Collaboration Tools for remote team members


technology systems

written by | David Stokes Principal & Director of Technology Systems

Over the last 15 years, I have been working with companies helping them develop and bring products and services to market – you’ll see a number of them listed in my LinkedIn profile. A big part of those engagements was developing fit-for-purpose processes and coaching the teams to build their experience and capability in using those processes – I wrote a blog on this recently (Oops, I said the “P” word….). These processes ranged from engineering practices, product development, sales, marketing, customer success, strategy, research, etc. Core to these processes is how the company operates, and teams collaborate together to get their jobs done.
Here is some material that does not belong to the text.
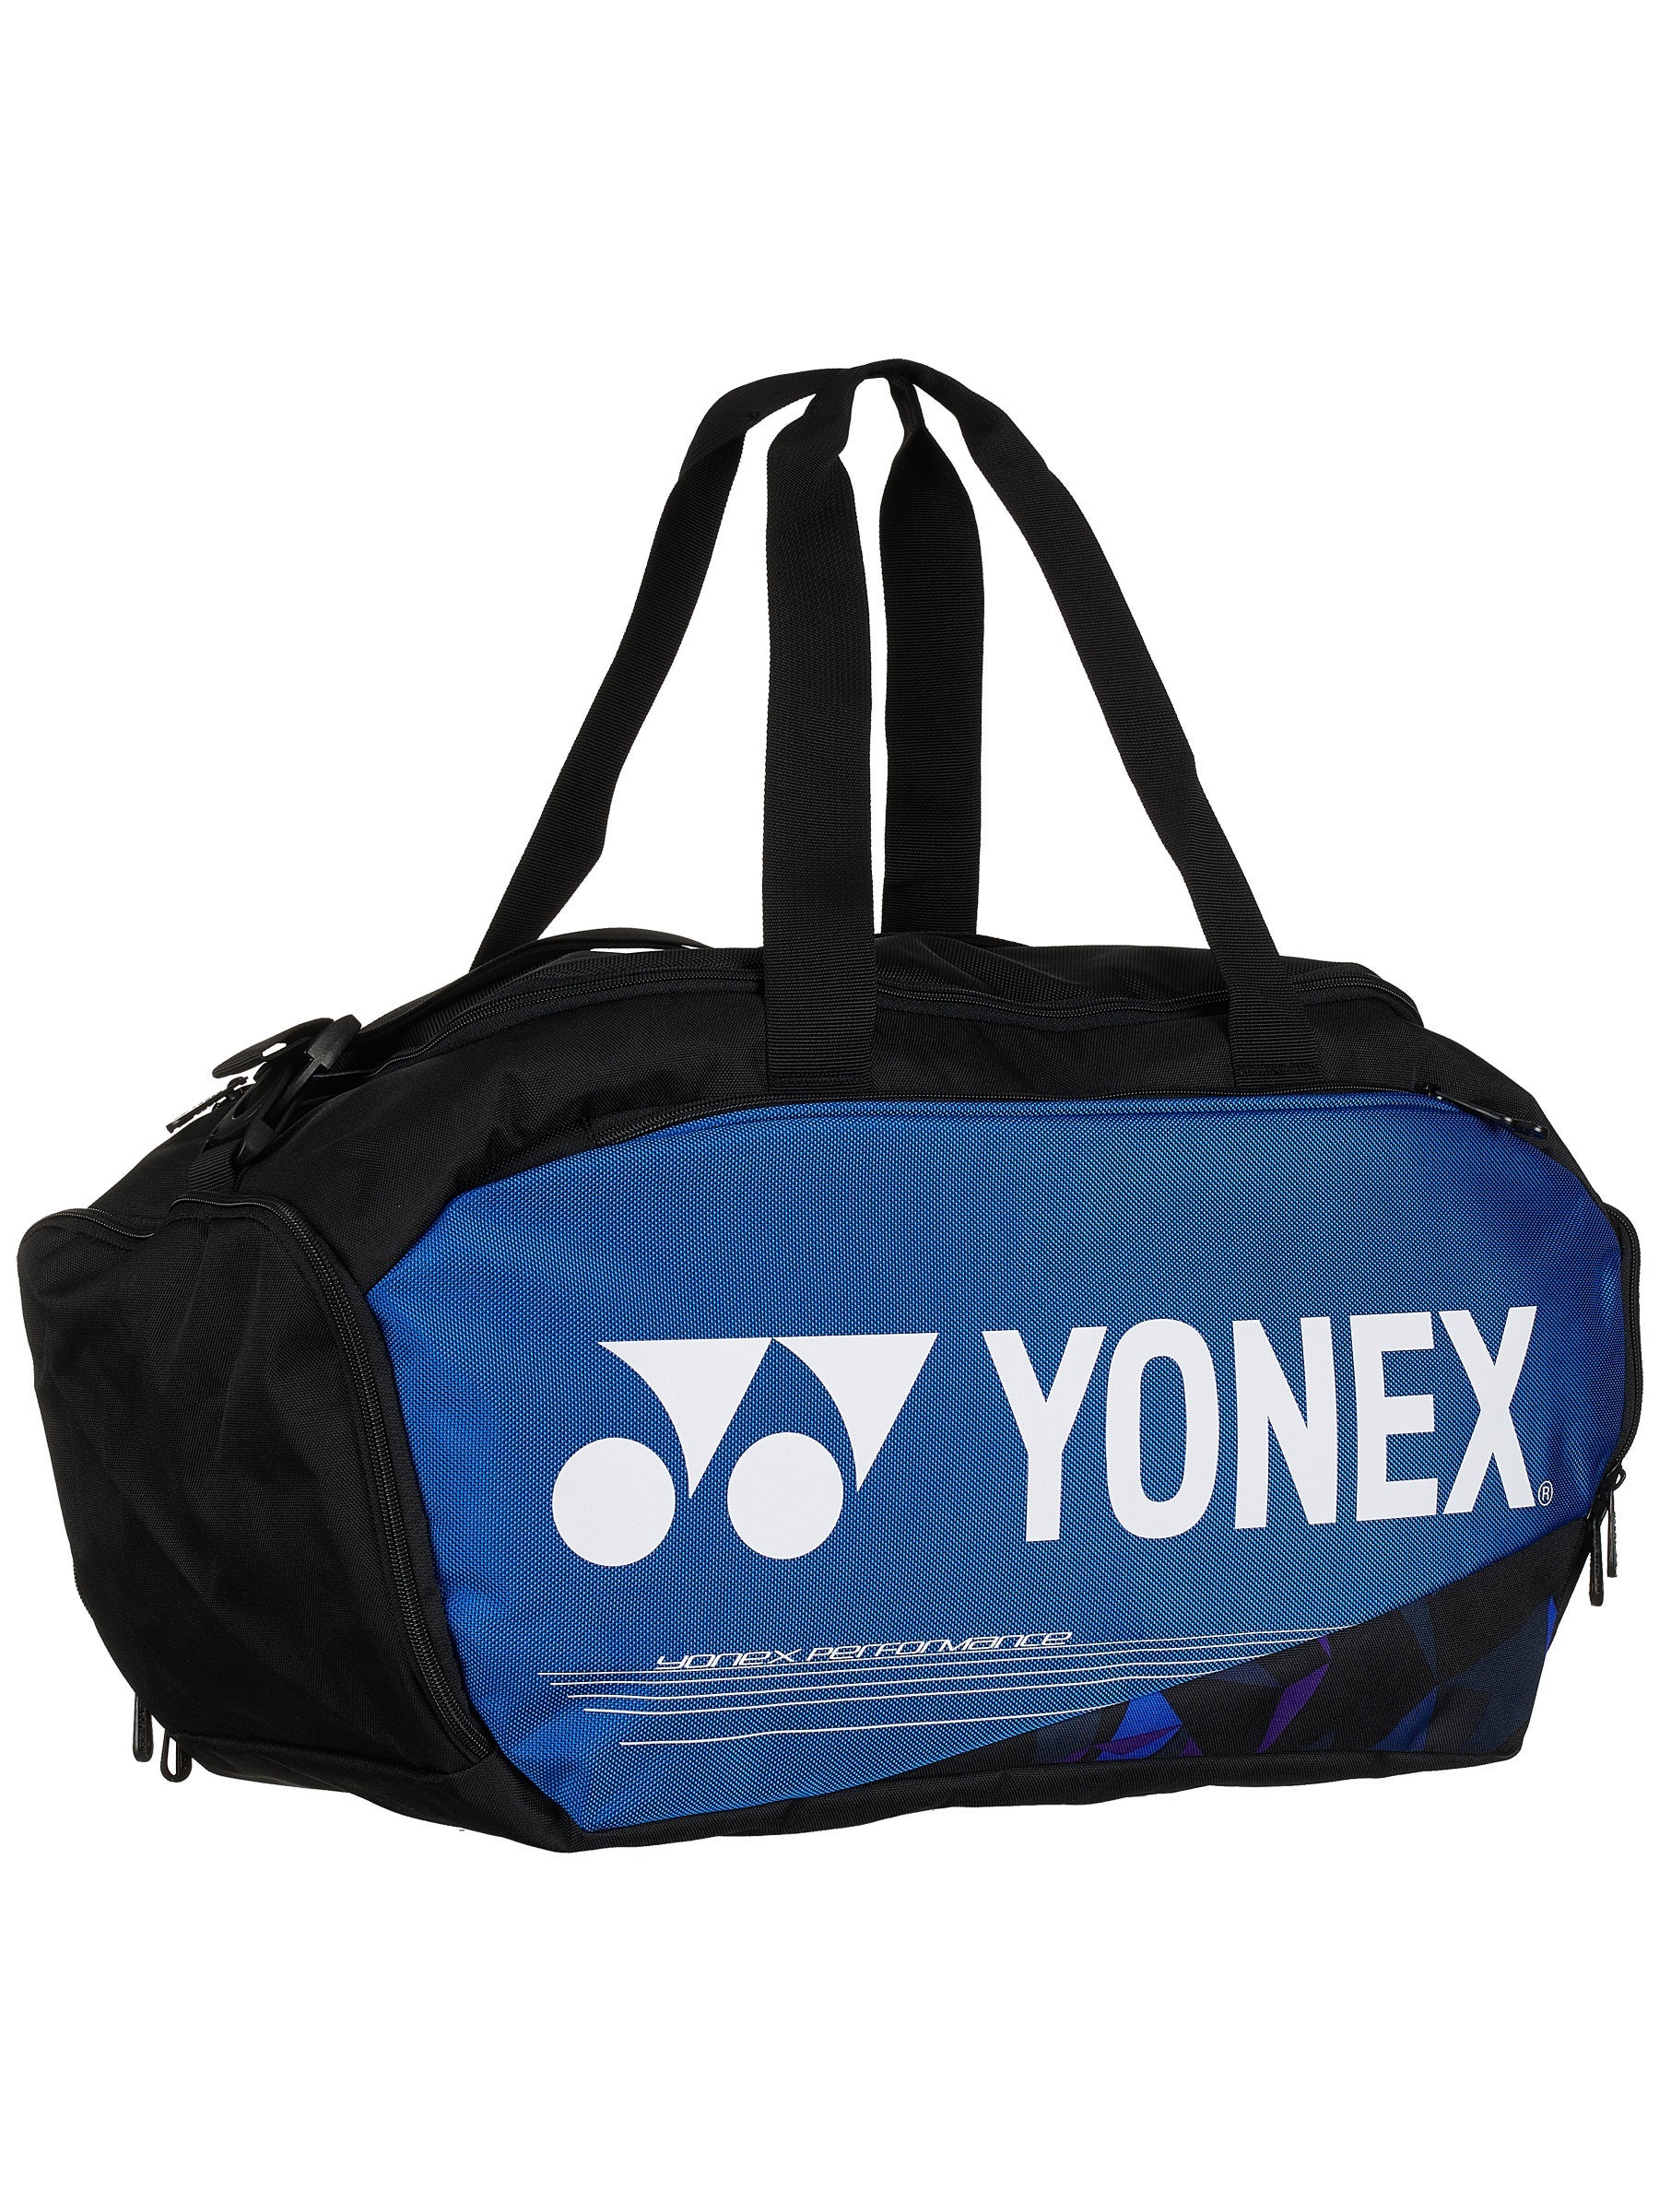 Details about   YONEX  Travel Pouch Large Bag1996LEX Size 34 x 24 x 9 cm Navy Blue 100% Nylon

While it was important to get the processes right, it was also critical that easy to use and powerful tools were provided to support the process and the teams to collaborate, including remote team members. And now having all team members working remotely is having to become a reality.
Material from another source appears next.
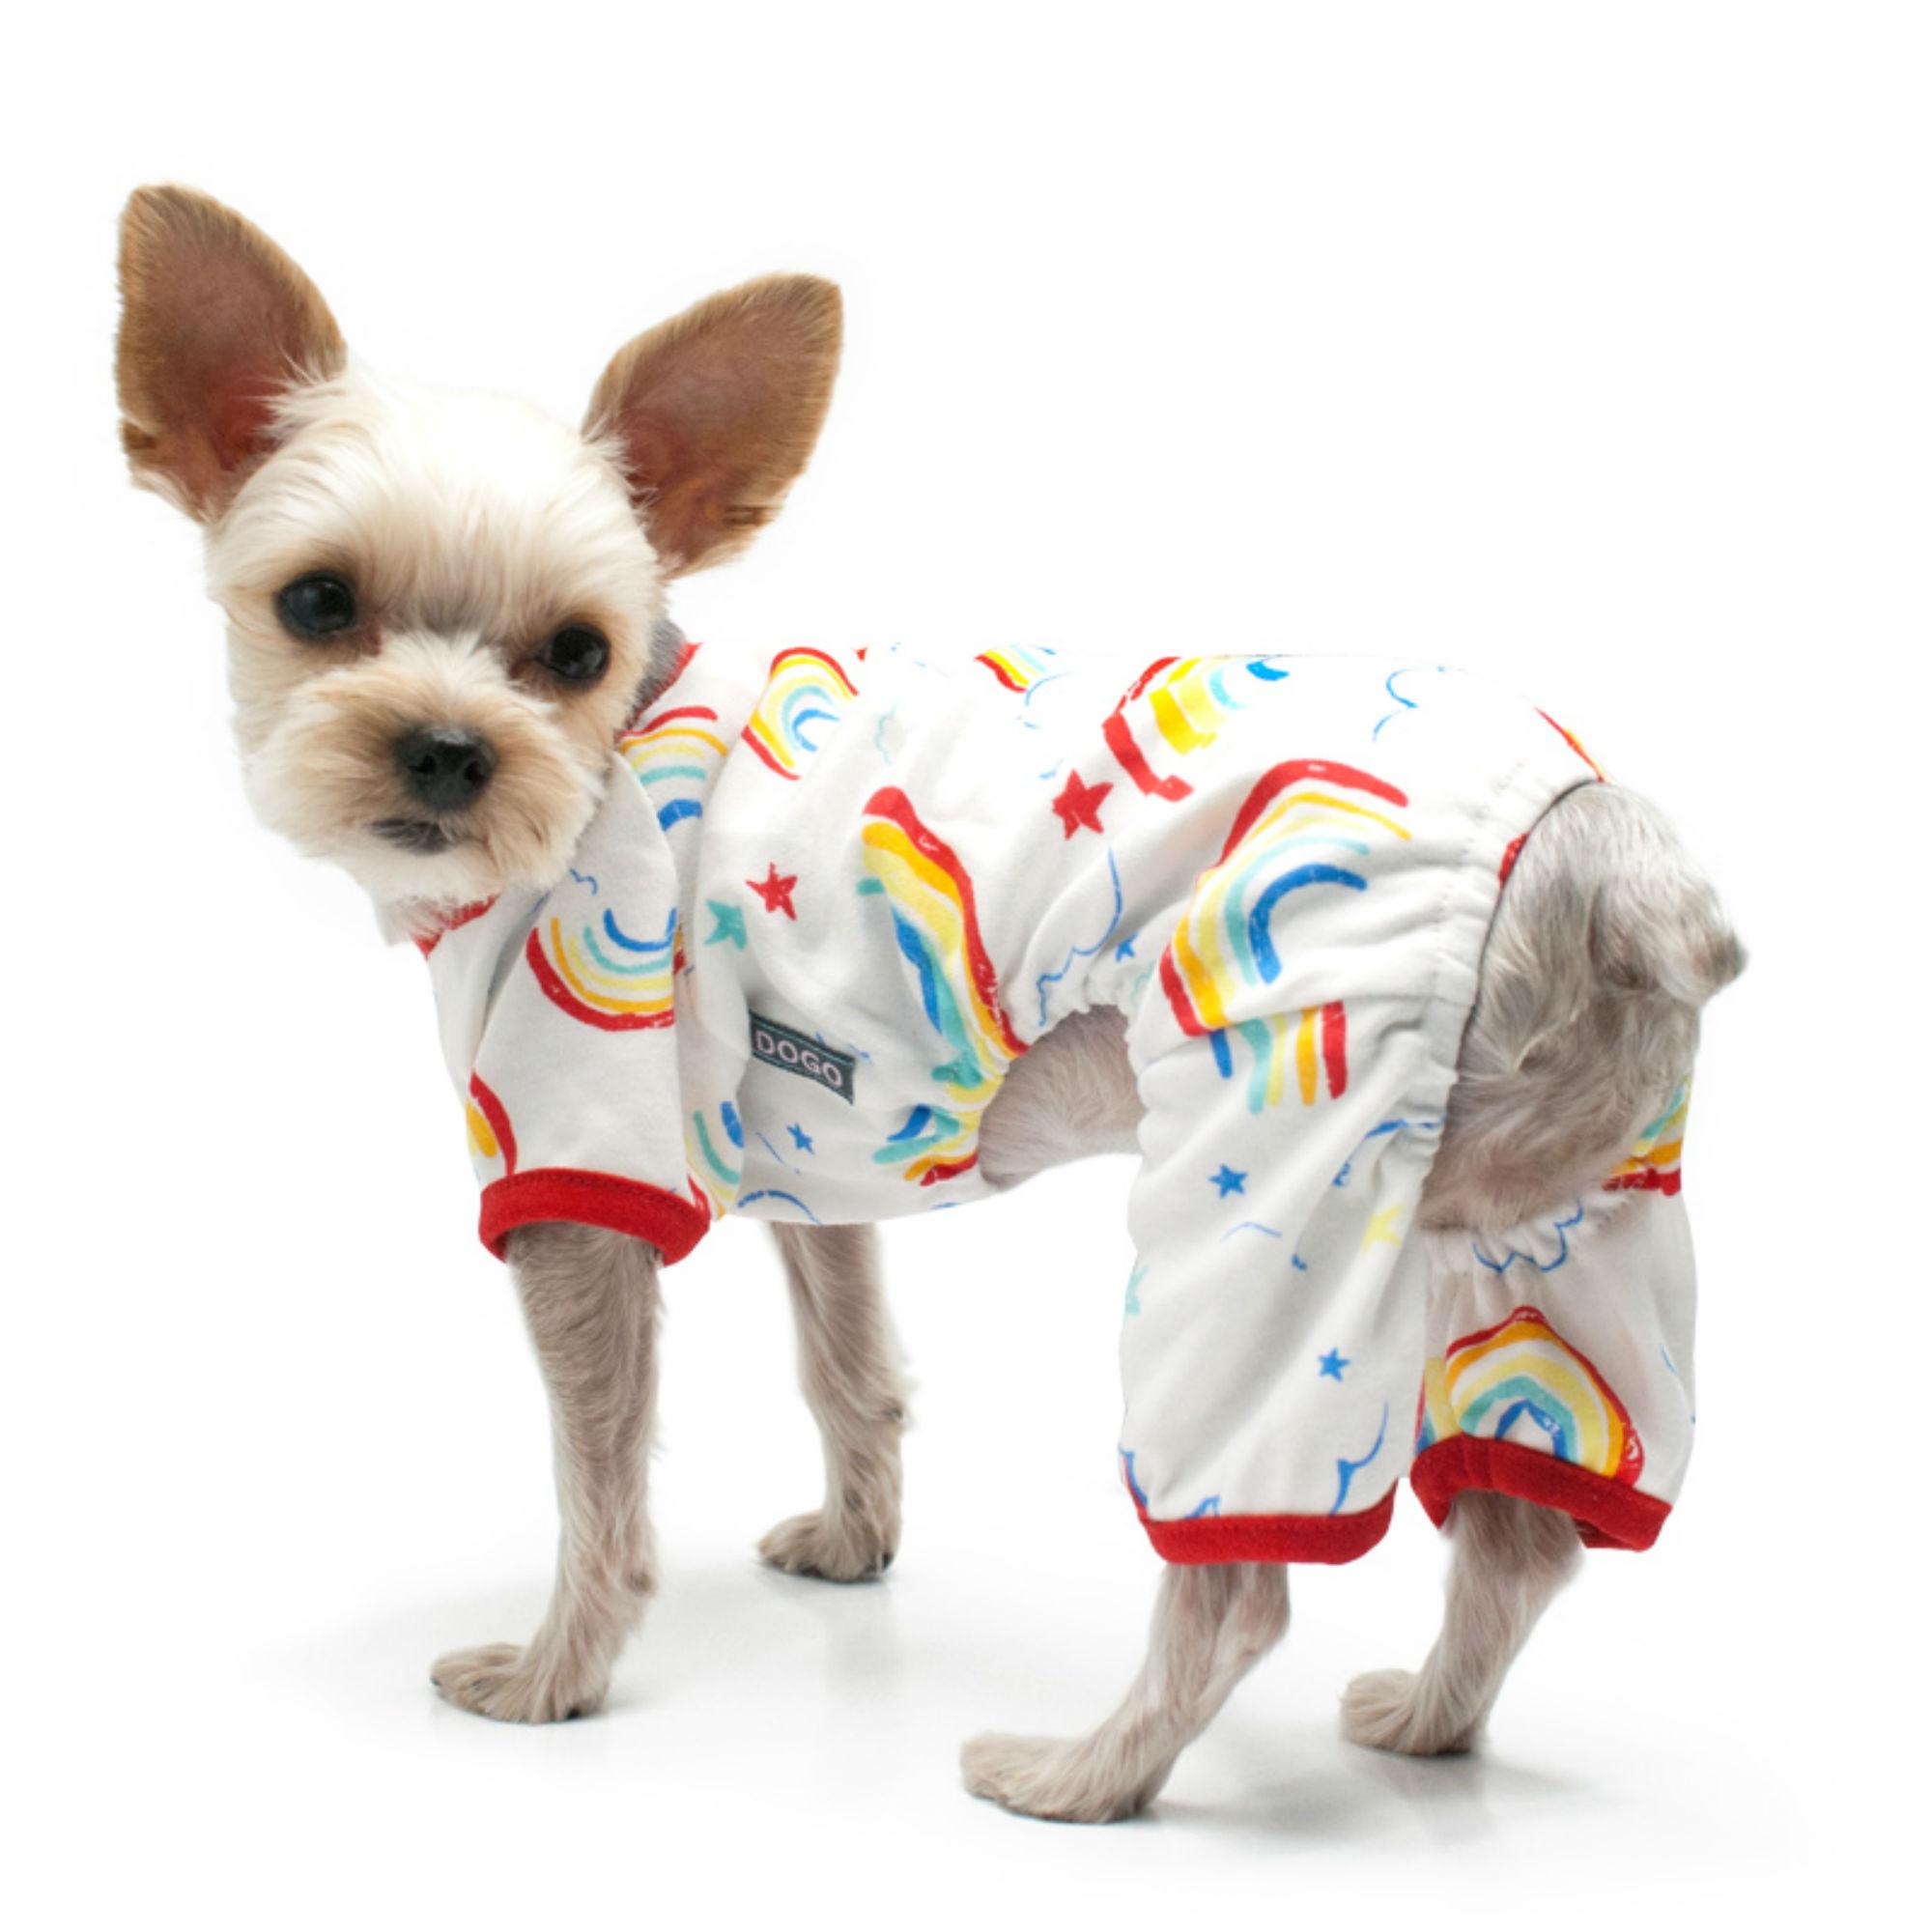 Rainbow Dog Pajamas by Dogo - Red

If you have looked, you will know there is a dizzying number of tools out there, and it can be a big undertaking to review them to narrow them down. In the end, you need to pick one and hope that it delivers on what it promises. And then you need to figure out how to best set them up to work effectively.  

Here are some things to consider:

One tool to rule them all?

One of the considerations that you will need to make is whether you choose one tool that does everything, or integrating best-of-breed tools together to achieve the same purpose.

The idea of one tool is certainly very attractive where the functionality works “seamlessly” together, one set of licenses, etc.

But the reality is often that while they claim to do everything, they don’t do anything particularly well. The licensing models are often expensive (where some companies are forced to restrict who has access to the software to bring the cost down, thus losing the benefits of collaboration features) and inflexible.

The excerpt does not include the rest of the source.